摘要
目的:CD82(KAI1)以及同源蛋白CD9均属于四跨膜蛋白家族的成员,二者均可抑制体外培养的肿瘤细胞的运动迁移能力。临床研究也发现,多种肿瘤的转移能力(尤其是淋巴结转移能力)与这两个蛋白的表达成负相关,因此,CD82和CD9被认为是广谱的肿瘤转移抑制因子。对其作用机制研究表明,二者主要是通过作抑制一些生长因子受体,如肝细胞生长因子受体(HGFR,c-Met).表皮细胞生长因子受体(EGFR)以及成纤维细胞生长因子受体(FGFR)等的活化,下调细胞内一些与肿瘤转移相关的信号转导途经的信号传递,从而发挥对肿瘤转移的抑制作用。已知细胞内一些与肿瘤转移相关的信号转导途经有PI3K/AKT和PLCγ/DAG/PKC信号转导途经,它们通过调控与转移有关的一些蛋白,如细胞粘连分子、细胞基质分子、金属蛋白酶,与细胞骨架蛋白等的表达,从而影响肿瘤的侵润转移能力。近年来研究又发现,质膜上的神经节苷脂GM2/GM3与CD82和CD9具有协同作用。CD82、CD9分别与GM2、GM3形成复合体而发挥对肿瘤转移抑制作用。因此,弄清楚GM2/GM3→CD82/CD9→GFR→P13K/AKT和PLCγ/DAG/PKC调控轴(regulating axes)的作用机制,对阐明肿瘤转移的调控机制具用重要的意义。
在我们的前期工作中,我们曾采用两个淋巴结不同转移能力的细胞株做为模型,比较分析了两株细胞神经节苷脂、CD82/CD9的表达以及P13 K/AKT和P LCγ/DAG/PKC信号通路的活化情况。结果发现两个细胞株神经节苷脂的表达明显不同,低转移以GM3为主,高转移的以GM2为主;两细胞株CD82表达没有显著差别,但高转移的CD9表达显著降低;高转移的细胞PLCγ/DAG/PKC信号通路活性高于低转移的细胞株。我们又分析了两个细胞株肝细胞生长因子受体的表达和磷酸化活化情况,发现两个细胞株肝细胞生长因子的磷酸化程度没有显著差别。已知肝细胞生长因子受体的激活机制,首先是配体与受体结合,受体发生二聚化,胞内区酪氨酸残基磷酸化形成活性的磷酸化酪氨酸位点,不同的磷酸化酪氨酸位点可激活下游不同的细胞内信号通路,从而,发挥不同的调控作用,产生不同的生物学效应。因此,受体胞内区磷酸化的酪氨酸残基,决定了受体活化以后激活细胞的哪些信号通路以及发挥什么样的调控作用。那么,肝细胞生长因子受体活化以后,酪氨酸残基磷酸化的方式是全或无的方式,还是选择磷酸化某些特定的酪氨酸残基。如果是选择性磷酸化的方式,那影响选择性的因素是什么,机制是什么,目前尚没有人提出和研究,虽然这两个细胞株肝细胞生长因子受体磷酸化水平相同,我们认为这两个细胞株肝细胞生长因子受体活化后磷酸化的酪氨酸残基不同,这可能是导致两个信号通路活性不同的原因,因此,我们在下面的研究工作中,检测了不同处理条件下,两细胞株肝细胞生长因子受体酪氨酸残基位点磷酸化的活化情况。

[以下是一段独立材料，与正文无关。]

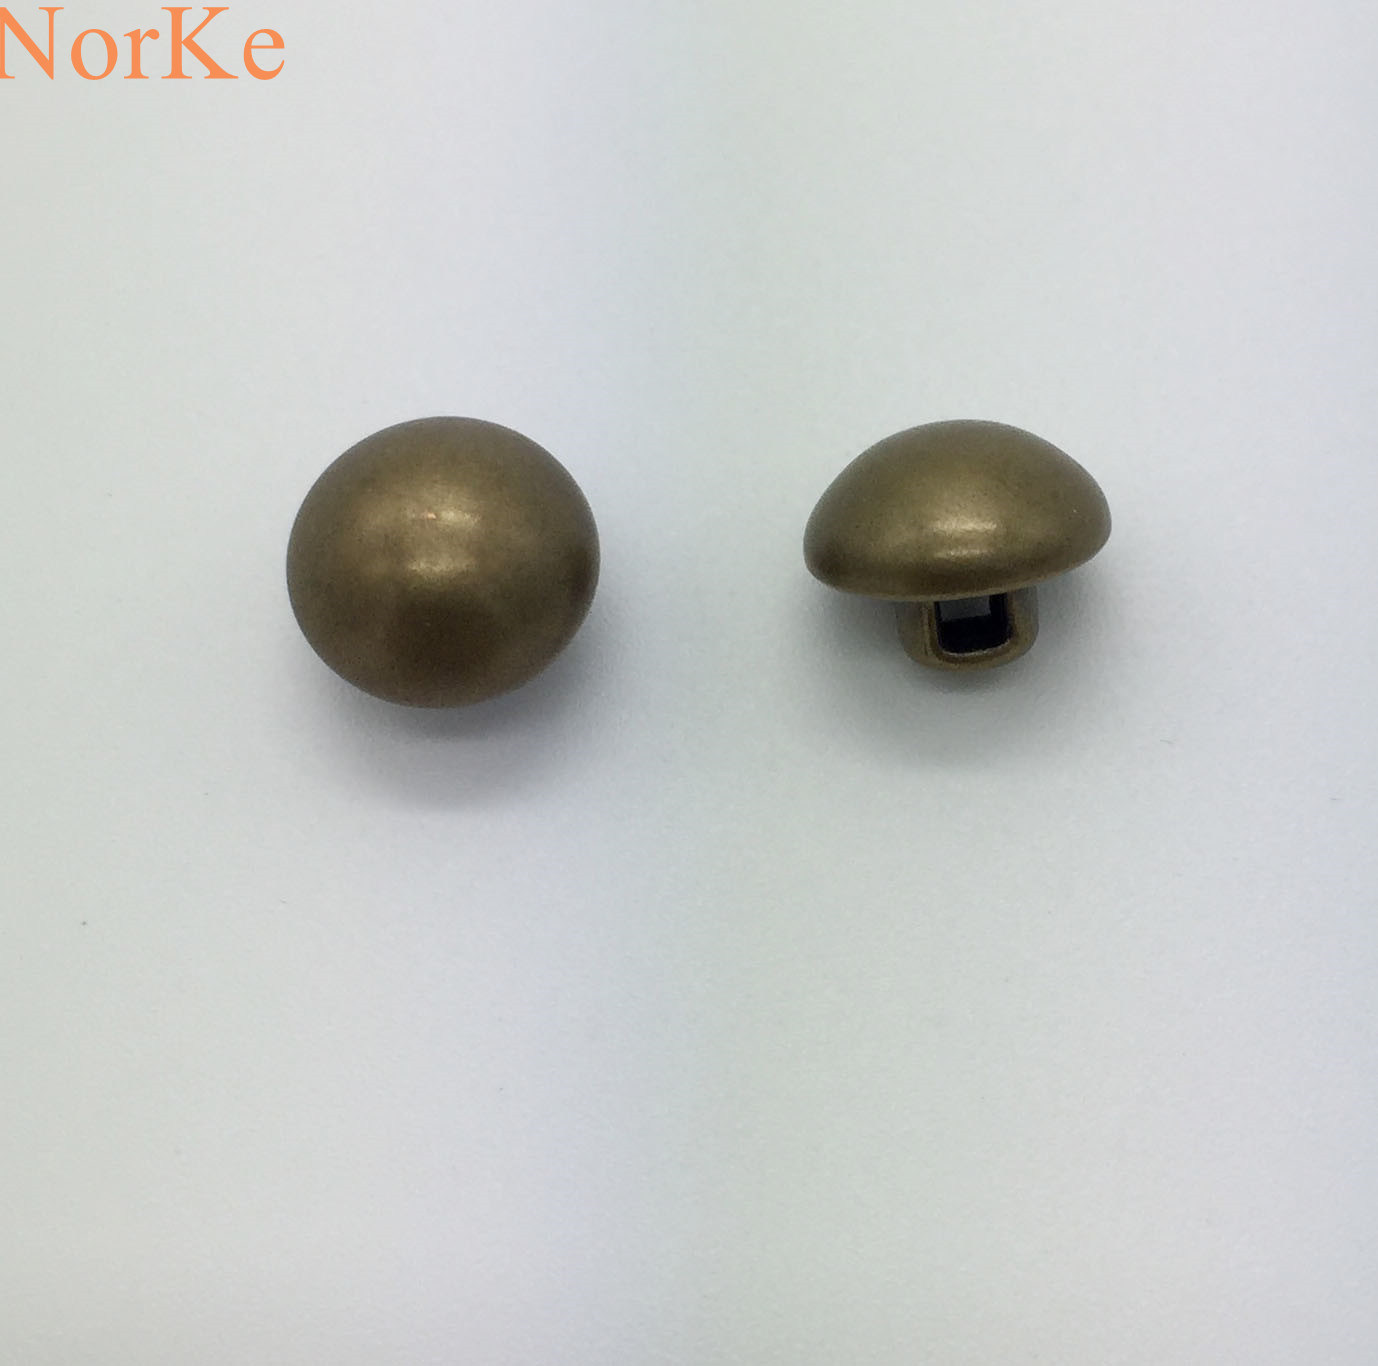 Sewing Mushroom Metal Button Brass Quality
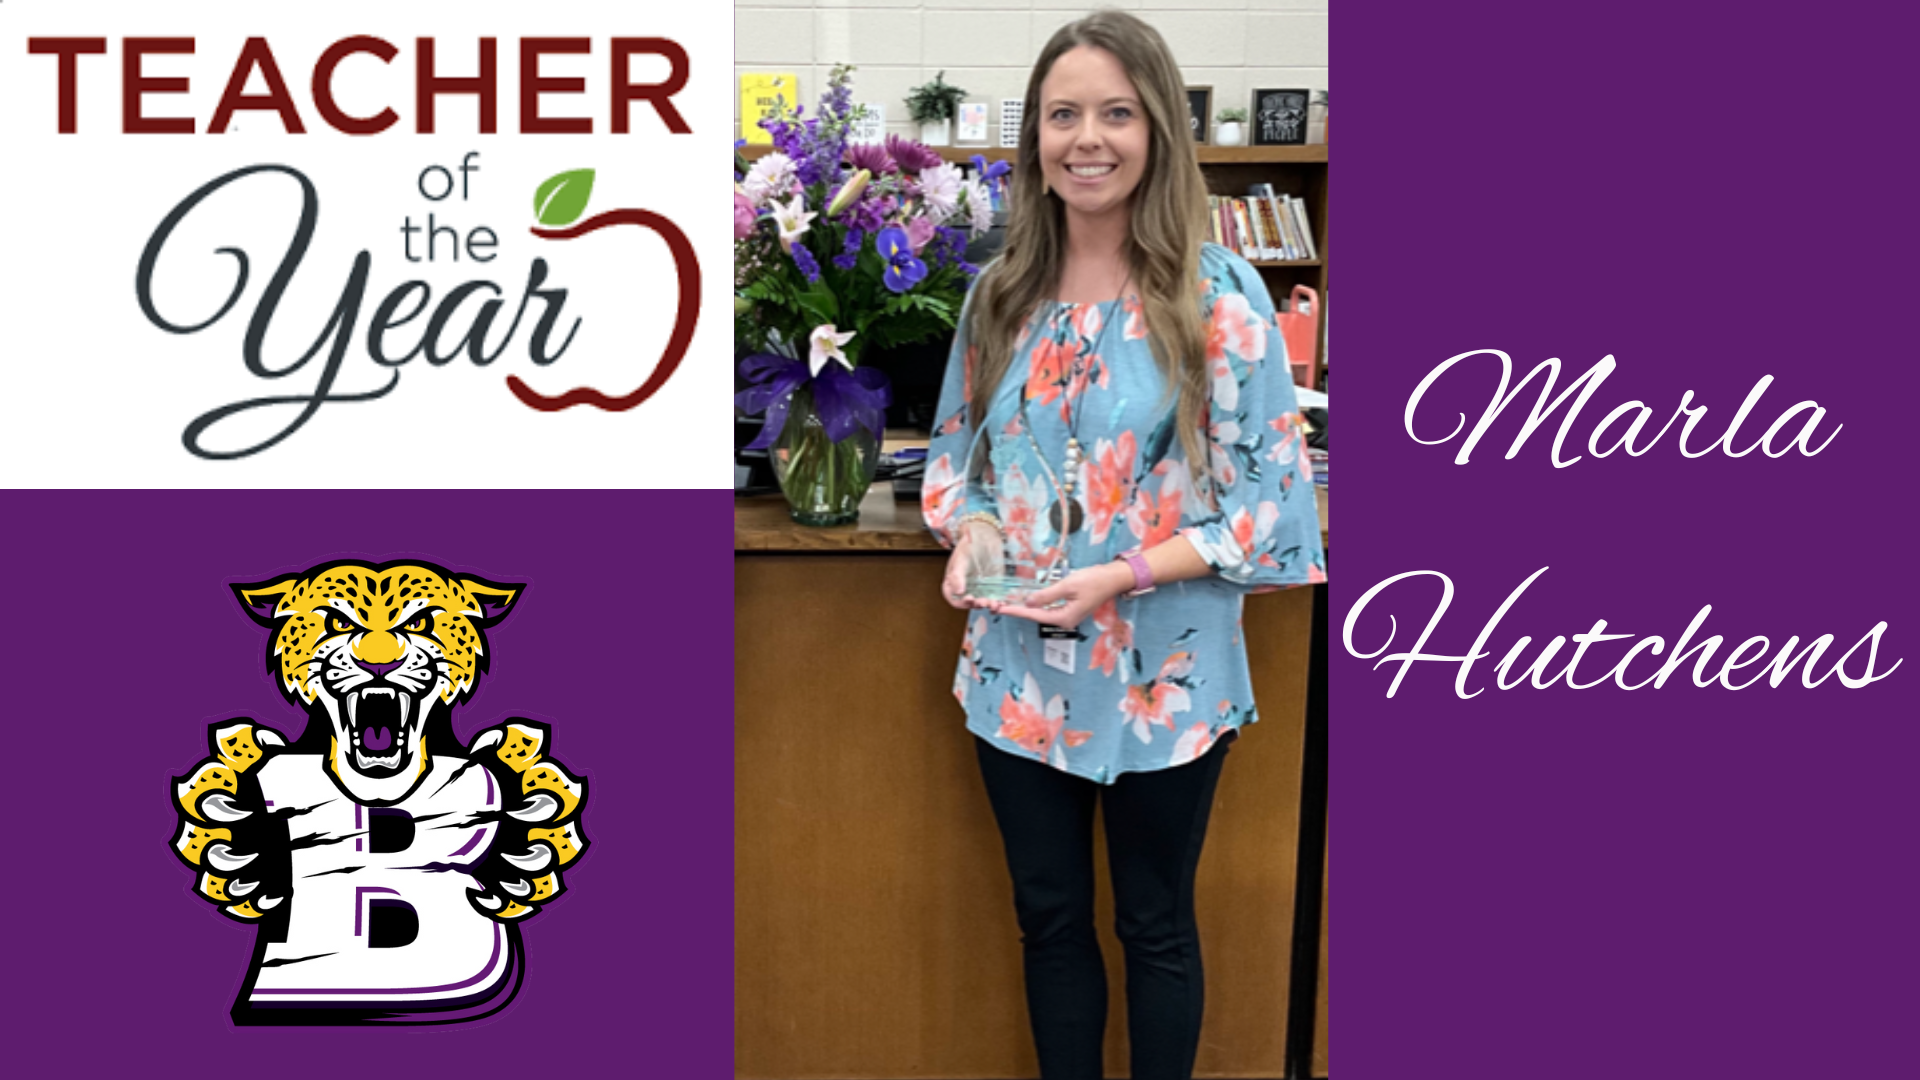 Teacher of the Year - Marla Hutchens

方法:体外培养不同淋巴道转移能力的小鼠腹水型肝癌细胞HCa-F(高转移株)和HCa-P(低转移株)。细胞在无血清1640培养基中饥饿10小时后,将细胞分为对照组和处理组。采用SDS-PAGE、Western Blotting技术及计算机扫描定量分析,比较分析了在不同配体(肝细胞生长因子、层粘连蛋白、纤维粘连蛋白)处理情况下,两细胞株肝细胞生长因子受体的磷酸化酪氨酸残基位点以及细胞内PLCγ1/DAG/PKC和P13 K/AKT信号通路的活化情况。
结果:(1)HGF处理后,高转移HCa-F细胞的c.Met第1313位和1365位酪氨酸残基的磷酸化程度均高于低转移的HCa-P细胞;低转移的HCa-P细胞c-Met第1349位酪氨酸残基磷酸化程度高于高转移HCa-F细胞株;同时高转移HCa-F细胞plcγ1的磷酸化程度高于低转移株的HCa-P细胞,低转移的HCa-P细胞AKT磷酸化程度高于高转移株的HCa-F细胞。说明高转移HCa-F细胞PLCγ1/DAG/PKC信号通路的活性大于低转移的HCa-P细胞;低转移HCa-P细胞P13K/AKT信号通路的活性大于高转移的HCa-F细胞。(2)FN处理后,高转移HCa-F细胞的c-Met的第1313位酪氨酸残基磷酸化程度显著大于低转移的HCa-P细胞;两细胞株c-Met的第1349位和1365位酪氨酸残基磷酸化程度无明显差别;同时高转移HCa-F细胞plcγ1的磷酸化程度高于低转移株的HCa-P细胞,说明高转移HCa-F细胞PLCγ1/DAG/PKC信号通路的活性大于低转移的HCa-P细胞;两细胞株PI3 K/AKT信号通路的活性无明显差别。(3)LN处理后,高转移HCa-F细胞的c-Met第1365位酪氨酸残基的磷酸化程度高于低转移的HCa-P细胞;两细胞株c-Met的第1349位和1313位酪氨酸残基磷酸化程度无明显差别;同时高转移HCa-F细胞plcγ1的磷酸化程度高于低转移株的HCa-P细胞,说明高转移HCa-F细胞PLCγ1/DAG/PKC信号通路的活性大于低转移的HCa-P细胞;两细胞株P13 K/AKT信号通路的活性无明显差别。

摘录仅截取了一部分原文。